Note that I am not saying you're doing the same thing, just... I think you know you're outsourcing too much to AI, and now you're getting pissy when people point it out.
On that note:
AI detectors are themselves not that reliable, since the ability to detect AI writing is a moving target, so posting "An AI detector said my writing is 100% human" is probably not that convincing to most people. (Just as many people have had the displeasure of seeing something they know they wrote themselves tagged as "almost certainly AI" by an AI detector.)
I do not think we should be using mod logs to tell people "You are a crap poster so I dismiss your argument."
I disagree! I do not think that the majority of LLM output is worth reading. That is not the same as LLMs being incapable of good writing. Getting something decent out of them takes effort. Not some kind of overcomplicated prompt engineering nonsense, but more effort than bad actors take.
To illustrate, I can truthfully claim that Xianxia as a genre is sloppy trash (most of it is) while simultaneously arguing that Reverend Insanity is peak fiction. The selection process is what allows for a recommendation.
As you can see, we have irreconcilable differences. Pistols at dawn?
I really can't win. If I stay quiet and ignore things: avoidant behavior. If I just say that, yeah, I've used AI, that is a no-contest. If I actually take a stand, then suddenly the lady doth protest too much. Nah, this lady has principles, and is willing to argue them.

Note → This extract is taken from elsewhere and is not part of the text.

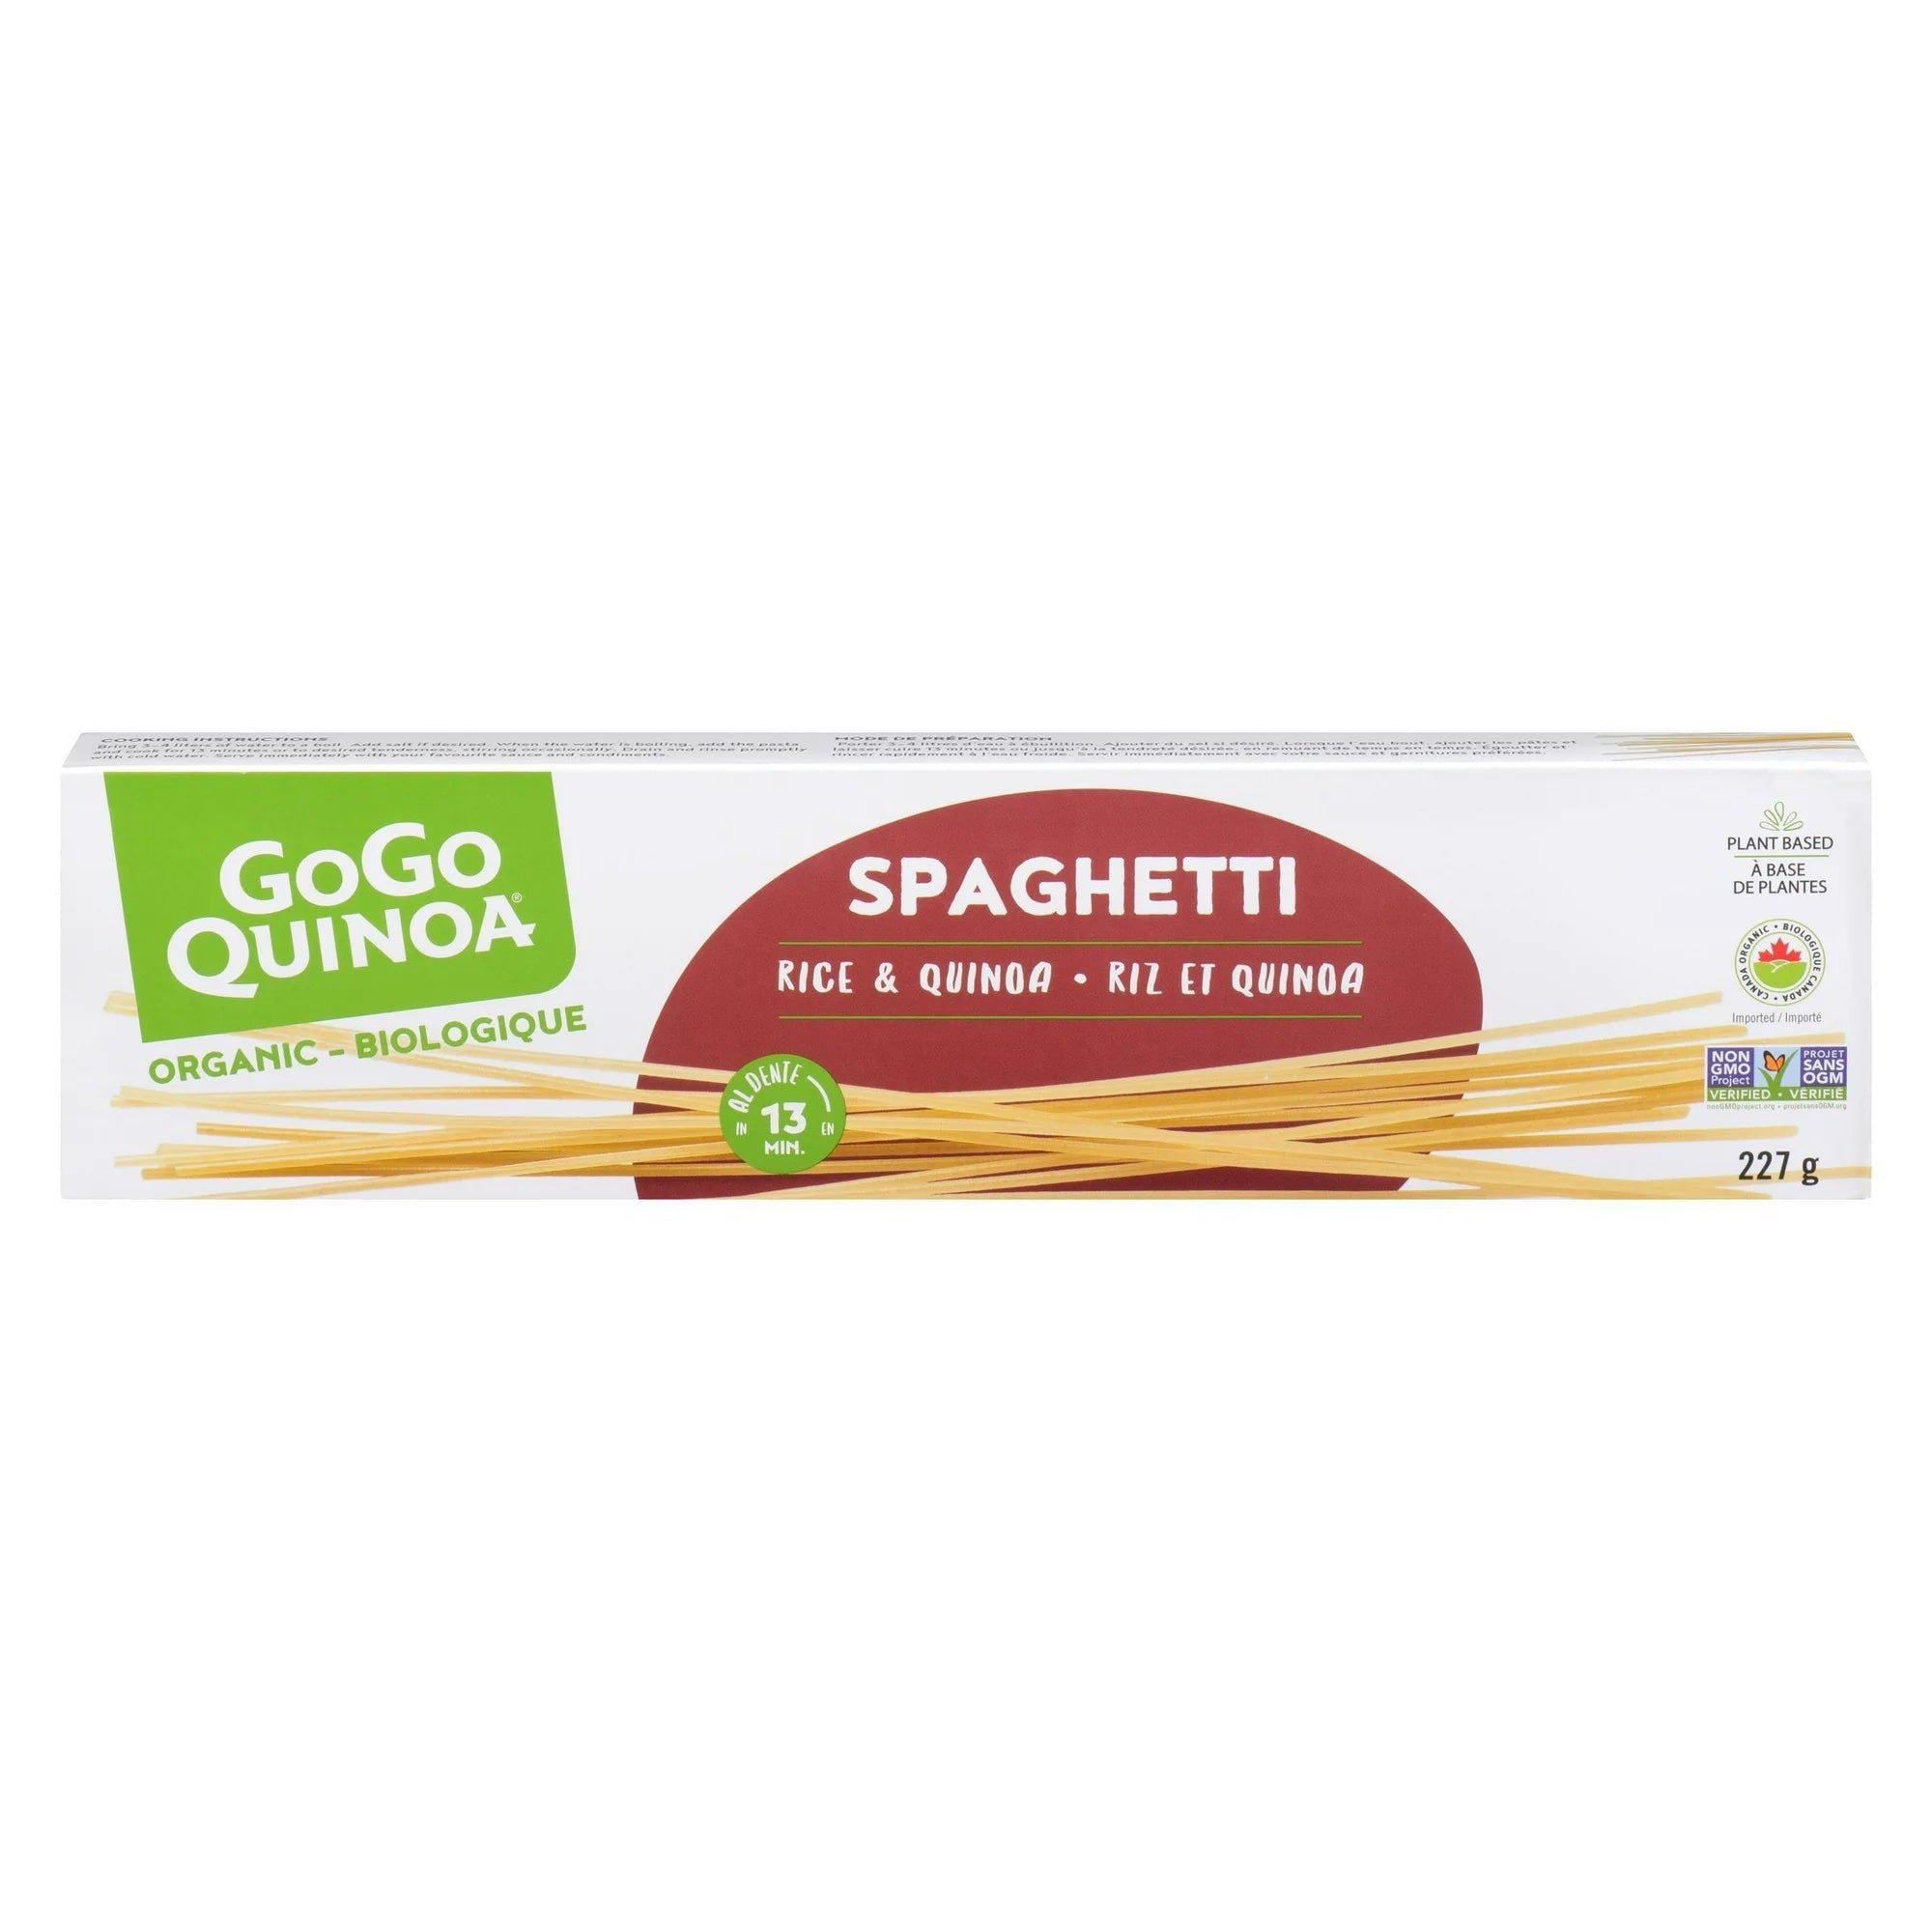 Spaghetti rice and quinoa 227g

I have heard claims that Pangram is better than most. For example, it's batting 100% here, admittedly, for a single sample. To the extent that people have used AI detectors on me in an attempt to shore up their argument that I'm using AI (in a post where I allude to the fact I'm using it), then I feel entitled to use them myself. If it works, then you believe in my probable innocence, if you believe it doesn't work, then you had no reason to consider me guilty beyond what I've already confessed.